Living with One Kidney

The kidney is a unique anatomical structure that has many different jobs in the human body. Although most people go through life with 2 functional kidneys, it is possible to continue living with only one functional kidney. The kidney is capable of enlarging to increase its capacity in the event that an individual is born with only a single kidney, experiences kidney failure, or has a kidney removed. Those who suffer from end stage renal failure in both kidneys cannot survive without dialysis treatment or a transplant.

Health Conditions that Result in a Single Kidney


There are many reasons why an individual may end up with only one functional kidney. A condition known as renal agenesis occurs when one or both of the kidneys fail to develop before birth. Infants that are born without a single functional kidney often die within a few hours of being delivered. In most cases, those who suffer from renal agenesis are born with at least one functional kidney and are able to enjoy life living with one kidney. Although unilateral renal agenesis does not lead to serious health consequences, some females are born sterile and all adults are at greater risk of developing high blood pressure.

As with all organs, the possibility of losing a kidney can occur when cancer develops within the tissue. The most common type of kidney cancer is referred to as renal cell carcinoma and is responsible for 80% of kidney cancer cases. Renal cell carcinoma can be very aggressive and usually requires that the affected kidney be removed before the cancer has been allowed to spread to other parts of the body. The survival rate for patients with renal cell carcinoma drops dramatically once the cancer has been given the opportunity to spread throughout the body. There are many other types of cancer that can result in individuals being forced to continue living with one kidney.

Other situations that may require the removal of a kidney include renal injury or donation. Any type of traumatic event including car accidents, sporting injuries, occupational mishaps, and others can cause damage to one or both kidneys and result in the need to remove the kidney to protect the health of the patient. Individuals who have elected to become organ donors may have a kidney removed in order to help someone else survive.

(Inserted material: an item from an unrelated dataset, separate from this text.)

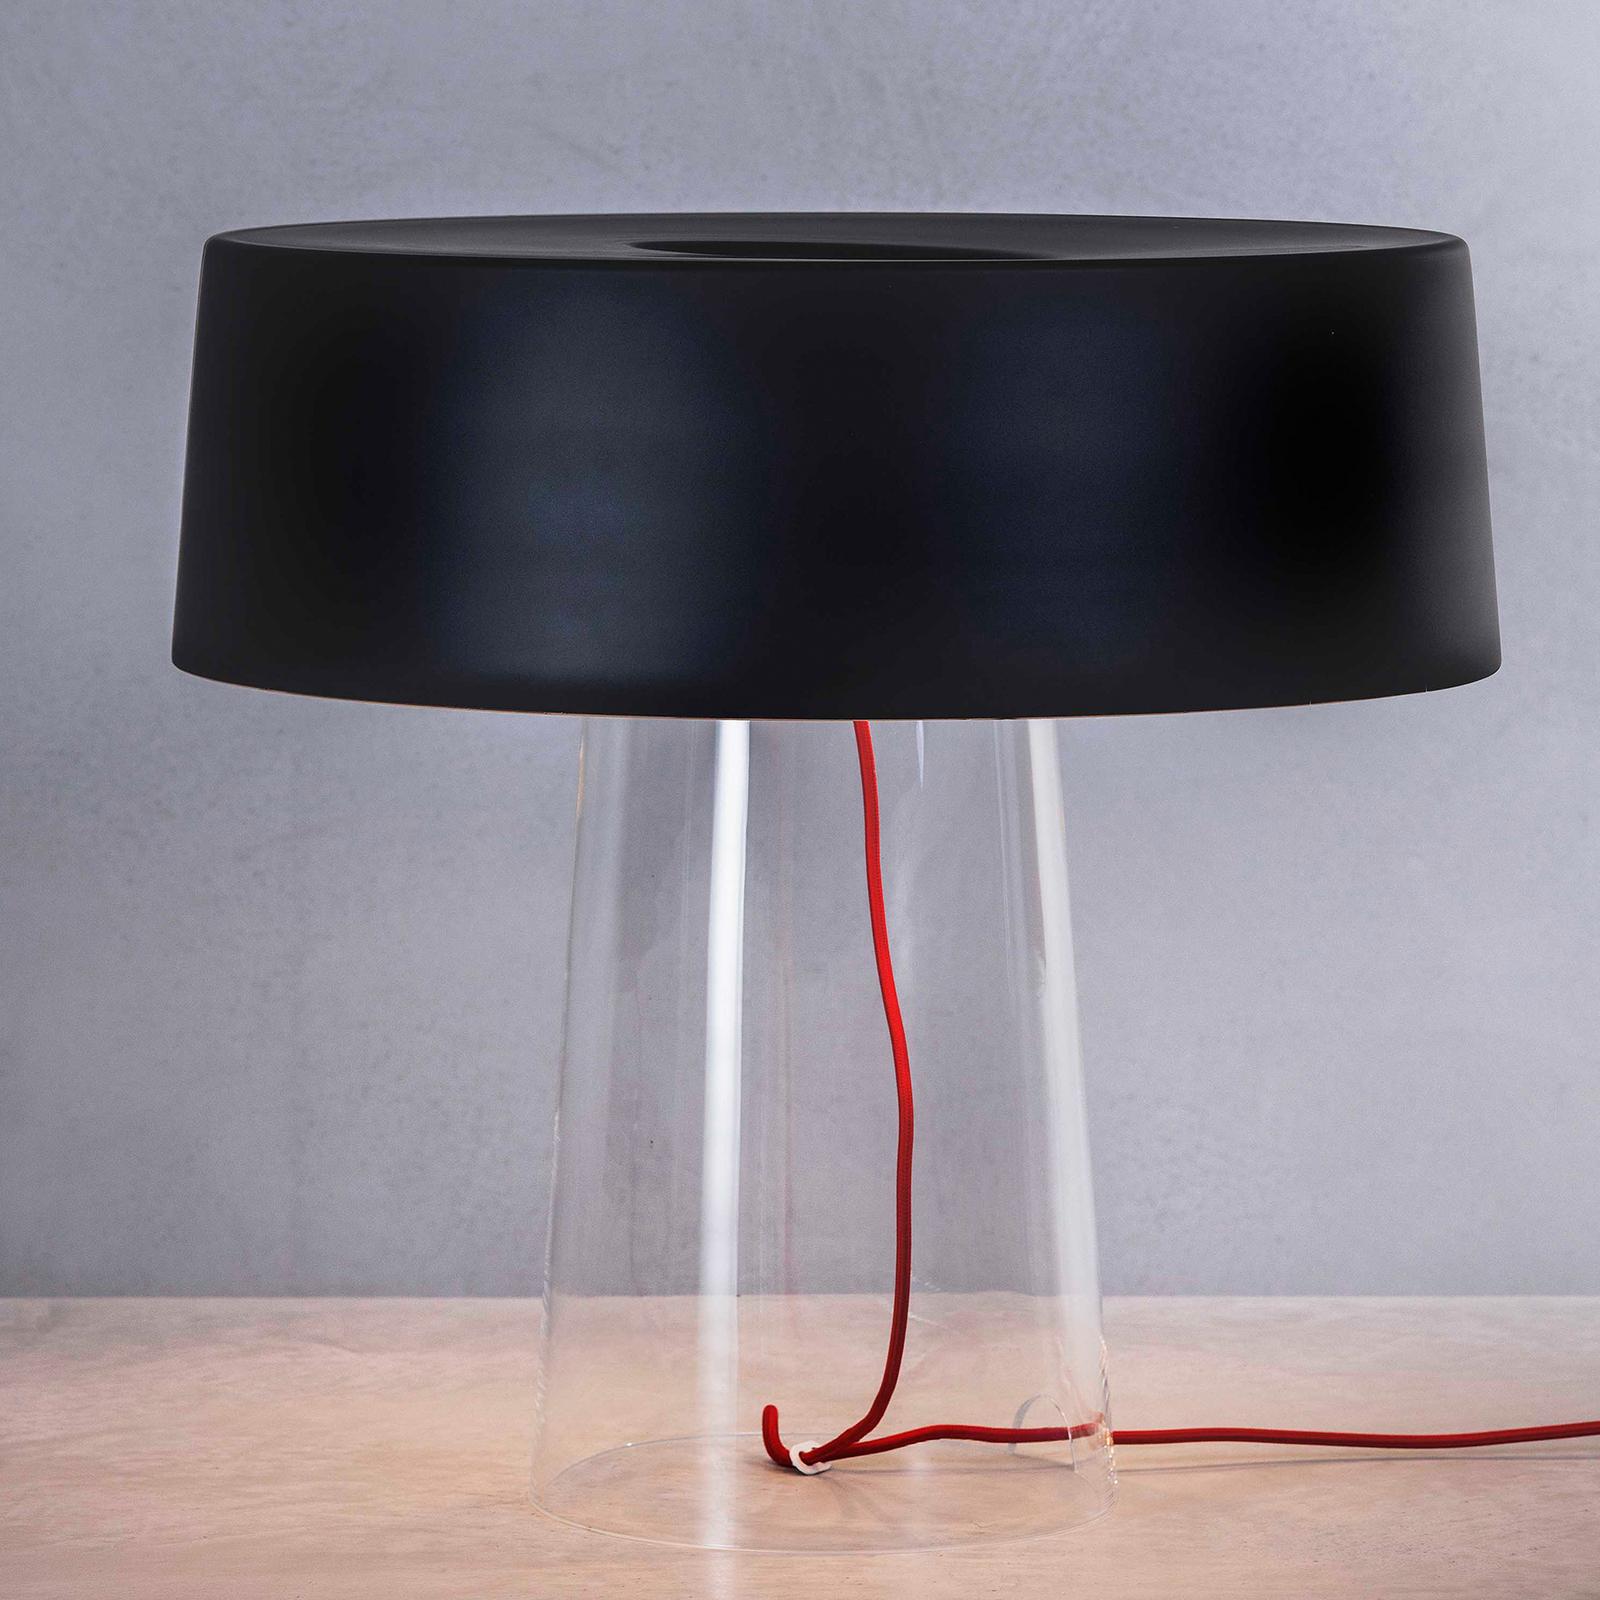 Prandina Glam pöytälamppu 48 cm musta

Kidney donation requires that donors have a second healthy kidney that can compensate for the one that has been removed. Transplanted kidneys also have the ability to enlarge inside the recipient’s body in order to compensate for the lack of an additional kidney.

Possible Complications

Although most people who are living with one kidney are able to enjoy a happy and healthy life, some individuals do experience complications associated with the lack of two functional kidneys. High blood pressure is more common in those who have only one kidney, but usually takes many years to develop. Kidney function may also decline more rapidly with age in individuals who have a single kidney. While this may be concerning for some, it usually does not impair an individual’s ability to live a long and healthy life. In fact, those who have only one kidney generally have the same life span as individuals who have two functional kidneys.

Special Considerations

In most cases, those who are living with one kidney can follow the same general health advice that is given to individuals who have two kidneys. This includes regular office visits with a physician who checks blood pressure and who performs urine and blood tests. Unless there are abnormal results that are found during the annual exam, an individual probably has little to worry about. The only other important consideration is the involvement in sports and physical activity. Doctors often recommend that patients who have only one kidney avoid contact sports such as football, soccer, and wrestling. These types of sports have the potential for damaging the one functional kidney and can result in the need for long-term dialysis treatment or a transplant in the event that the kidney does become injured.


In general, there is very little impact on an individual’s ability to carry out a normal life when living with one kidney. Although most people have 2 kidneys, conditions such as renal cancer, injury, or donation may cause much concern over one’s ability to continue enjoying life. Fortunately, people living with one kidney are still able to appreciate the things in life they have come to love. For optimal health outcomes, patients should schedule regular doctor’s visits and practice common sense when engaging in sports.